"I like to go for cinches. I like to shoot fish in a barrel. But I like to do it after the water has run out."
-- Warren Buffett

History seems to show that good investing doesn't necessarily mean picking out complex situations and basing your investment thesis on Nobel-level math. In fact, as the current financial crisis has shown us -- not to mention the Long Term Capital Management hedge fund and many other examples -- too much complexity can often end in calamity.

In an effort to track down some of the companies that may fall into that "fish in a barrel" category, I've turned to The Motley Fool's CAPS community. Using CAPS' stock screener, I looked for companies that have a price-to-earnings ratio below 15, a long-term debt-to-equity ratio below 50%, a return on equity above 12%, and a high rating from the CAPS community.

Company

CAPS Rating (out of five)

Price-to-Earnings Ratio

Return on Equity

Long-Term Debt-to-Equity Ratio

United Technologies (NYSE:UTX)

****

12.7

20.9%

50%

Foster Wheeler (NASDAQ:FWLT)

*****

9.4

55.2%

31%

Mosaic (NYSE:MOS)

****

10.0

30.9%

15%

Source: CAPS.

These are just three of the results that the CAPS screener spit out; you can run the same screen yourself to see the rest of the companies that made the cut.

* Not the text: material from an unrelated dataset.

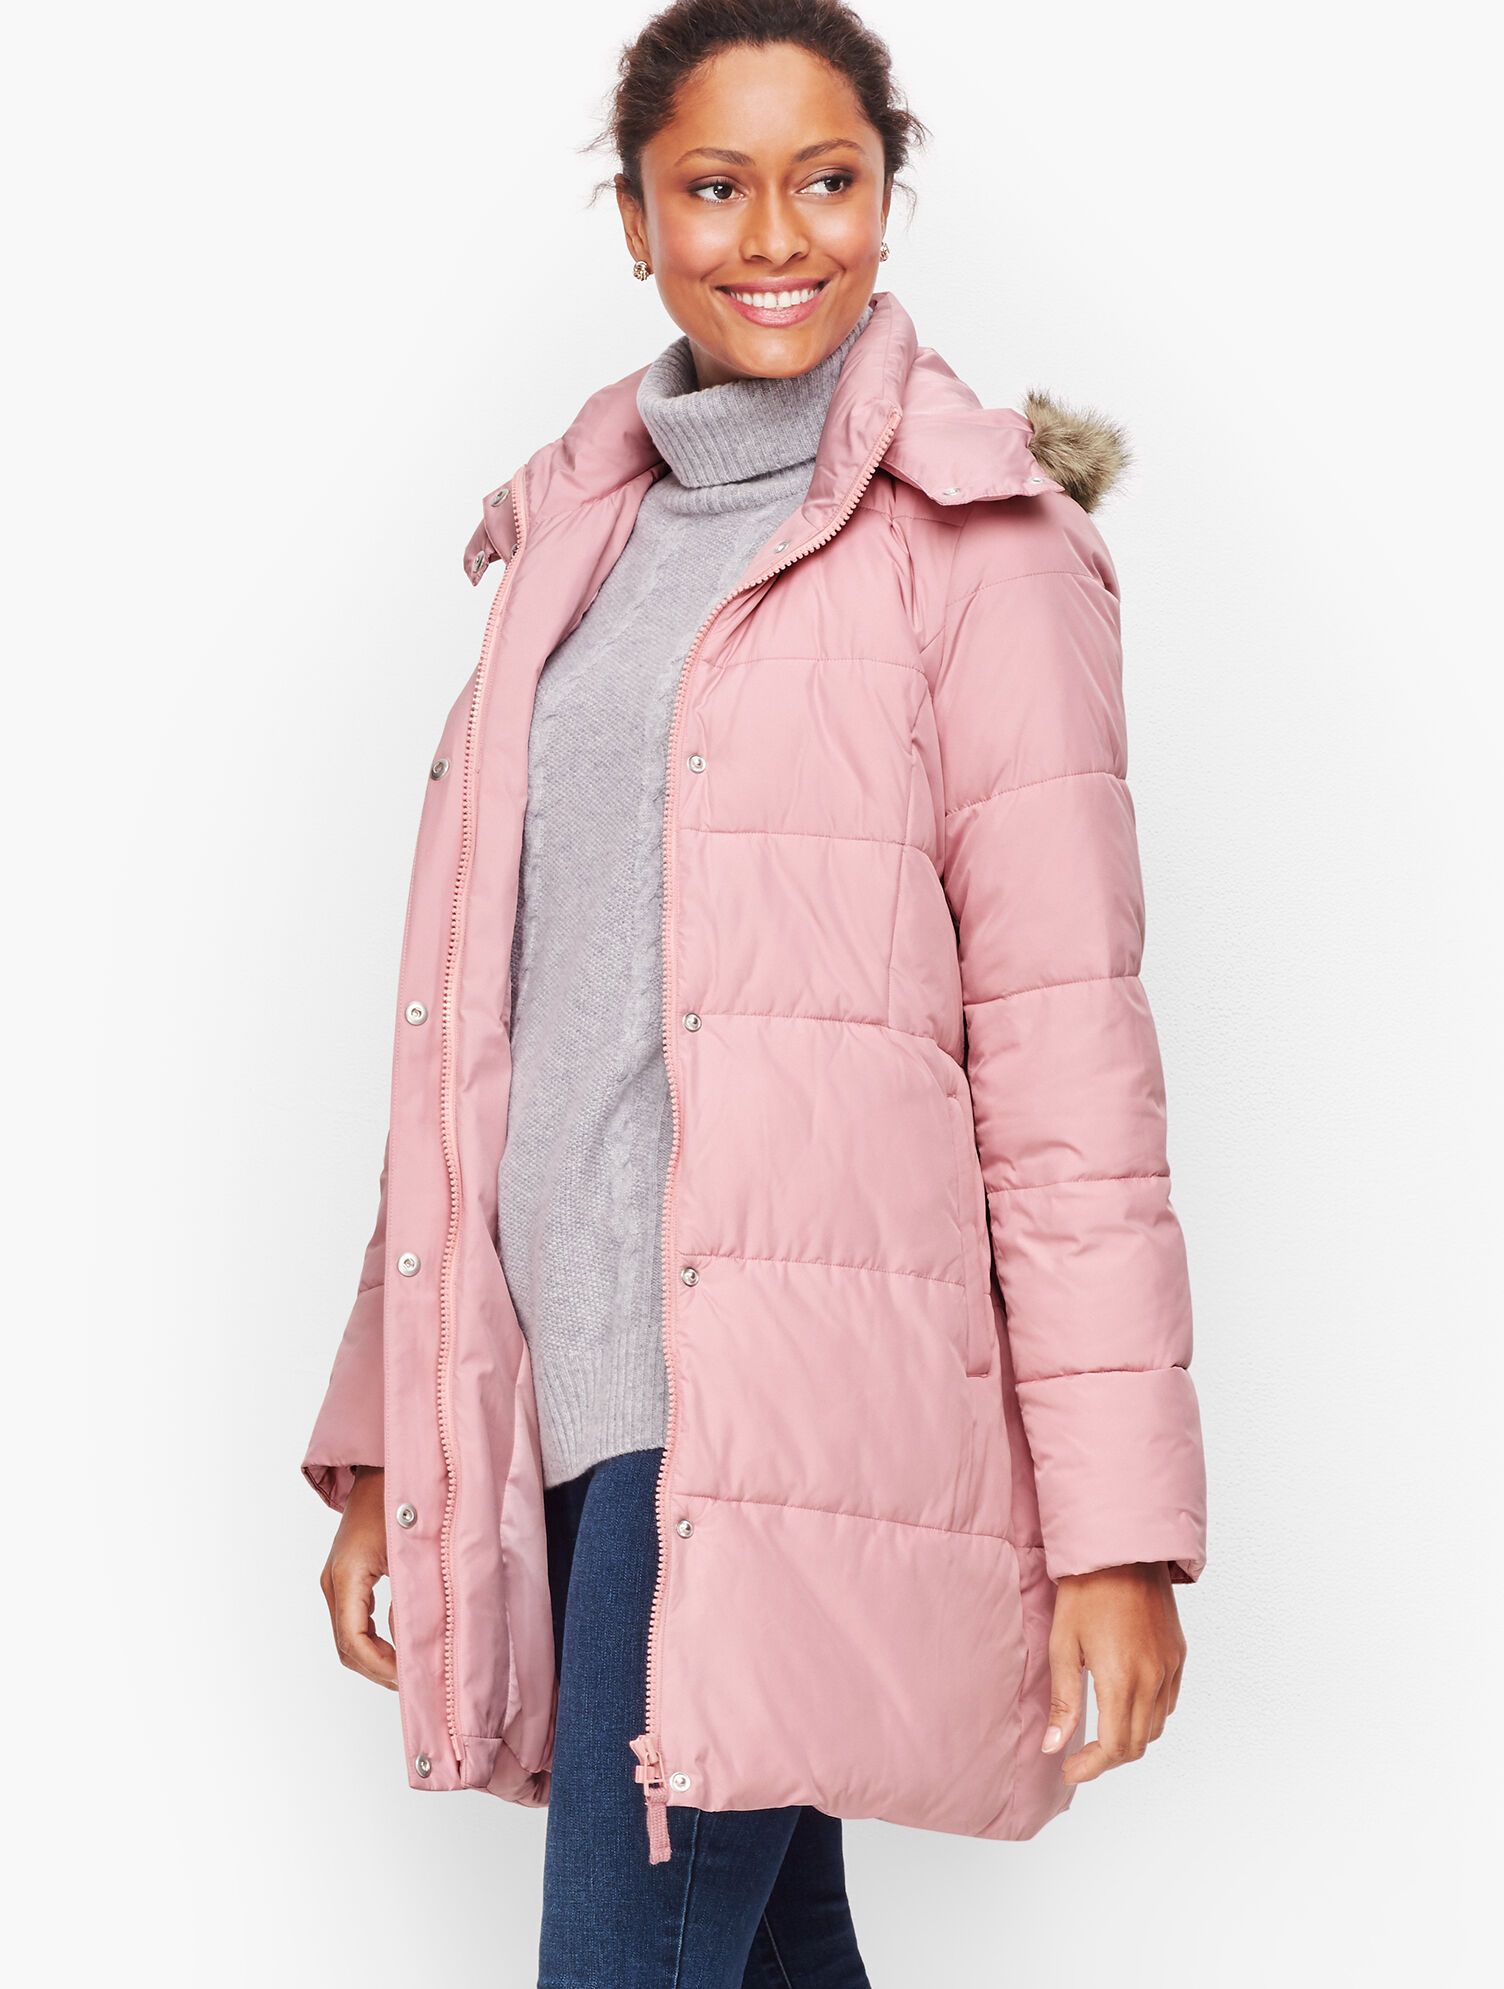 Pink Padded Coat With Fur Hood Flash Sales | bellvalefarms.com

While the three companies above aren't meant to be formal recommendations, they are a good place to start some research. And on that note, let's take a closer look at each company.

Lying low, waiting for the turn
Whether you're Caterpillar (NYSE:CAT) selling heavy machinery or United Technologies with its Otis elevator and Carrier HVAC units, the recession-inspired construction slowdown is bad for business. But as both companies showed in their second-quarter earnings reports, a focus on efficiency and profitability can help cushion wracking sales declines.

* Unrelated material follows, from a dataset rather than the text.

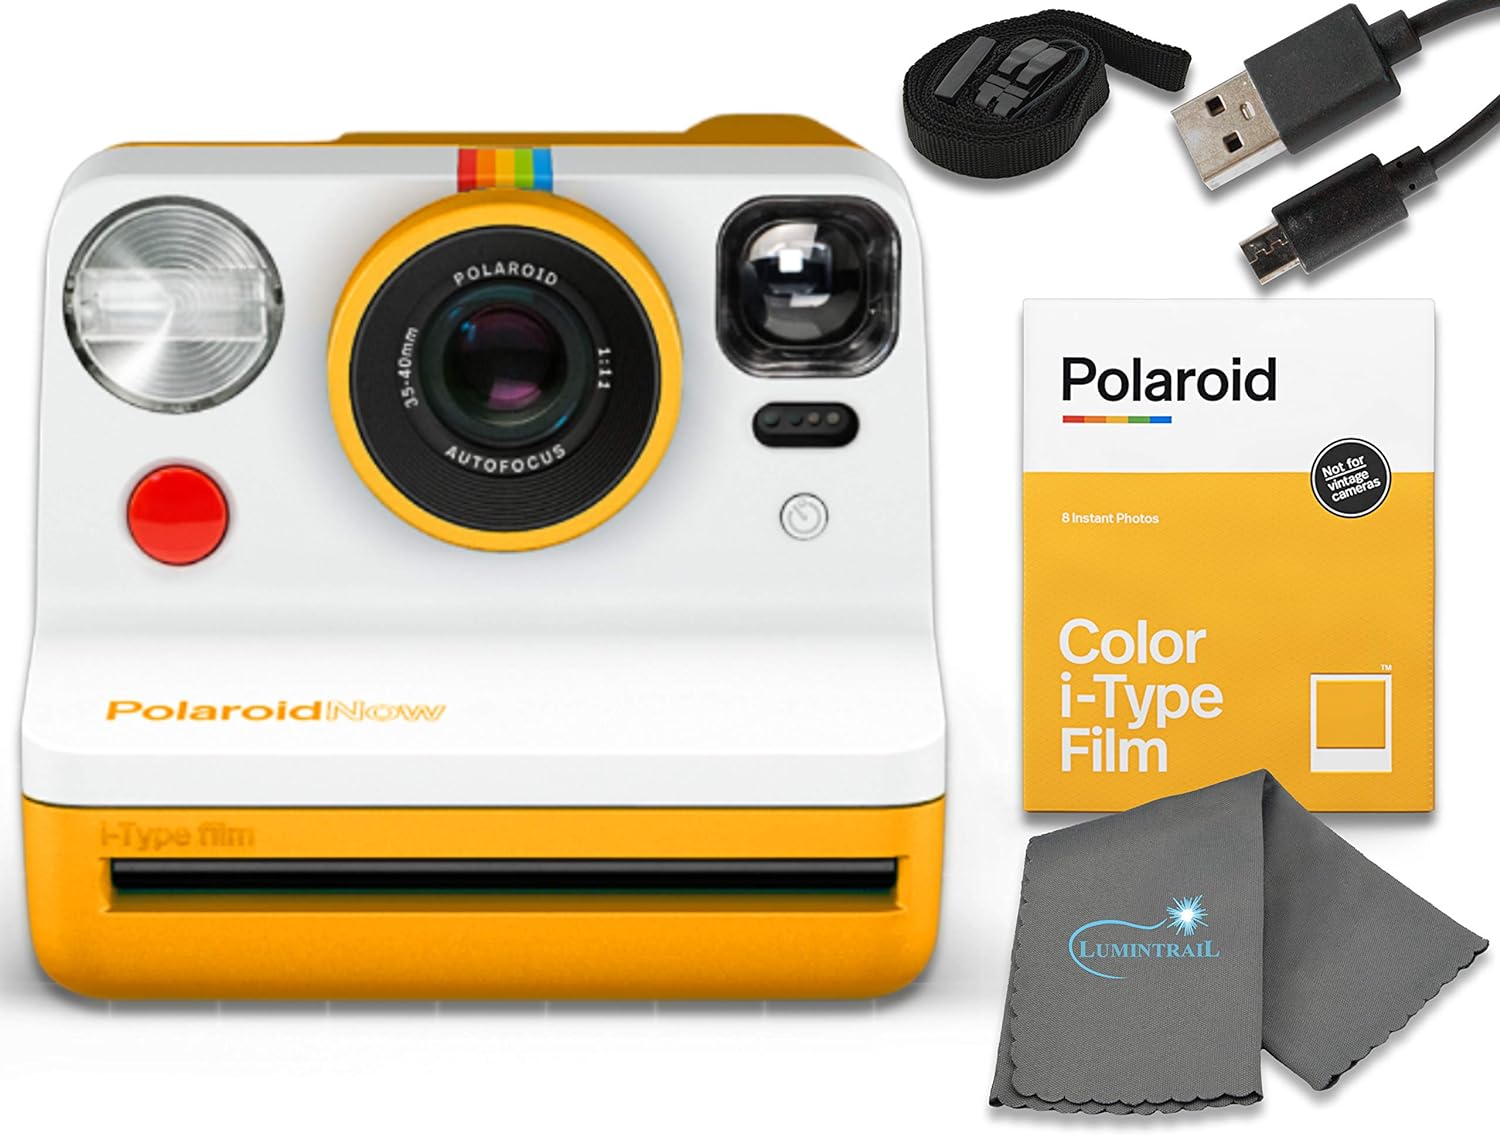 Yellow polaroid camera

United Technologies managed to post improving margins for most of its business units compared to last year -- an impressive effort considering every unit but one showed double-digit revenue declines. The situation is also encouraging on the balance sheet side of things. The company has the interest payments on its debt well covered -- meaning that creditors won't be breathing down management's neck -- and has more than $4 billion in cash.

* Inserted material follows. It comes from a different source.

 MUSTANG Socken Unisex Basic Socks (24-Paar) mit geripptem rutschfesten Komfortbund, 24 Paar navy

This should give investors a good bit of comfort that the company will be able to march right through the downturn and prove that today's stock price is well below what the company is worth.

United Technologies has earned four stars from the CAPS community, with 1,352 members rating it "outperform," and just 48 clocking in with an "underperform" rating.

A different kind of construction
While global engineering and construction might seem like a dicey business during a recession, the bottom lines have held up fairly well for Foster Wheeler and competitors like Fluor (NYSE:FLR) and Jacobs Engineering (NYSE:JEC). The reason is that while nobody's dying to build new office buildings or residential apartments right now, these engineering companies concentrate on major infrastructure projects like oil refineries and power plants.

Foster Wheeler's second-quarter results showed a 24% drop in net income, but came in well above analysts' expectations. Looking ahead, the company said that it didn't book any new "mega" projects during the quarter, but that the current man-hours backlog is the second-highest ever for the company's larger engineering and construction group, and that the second half of the year could look pretty good, especially for its global power business.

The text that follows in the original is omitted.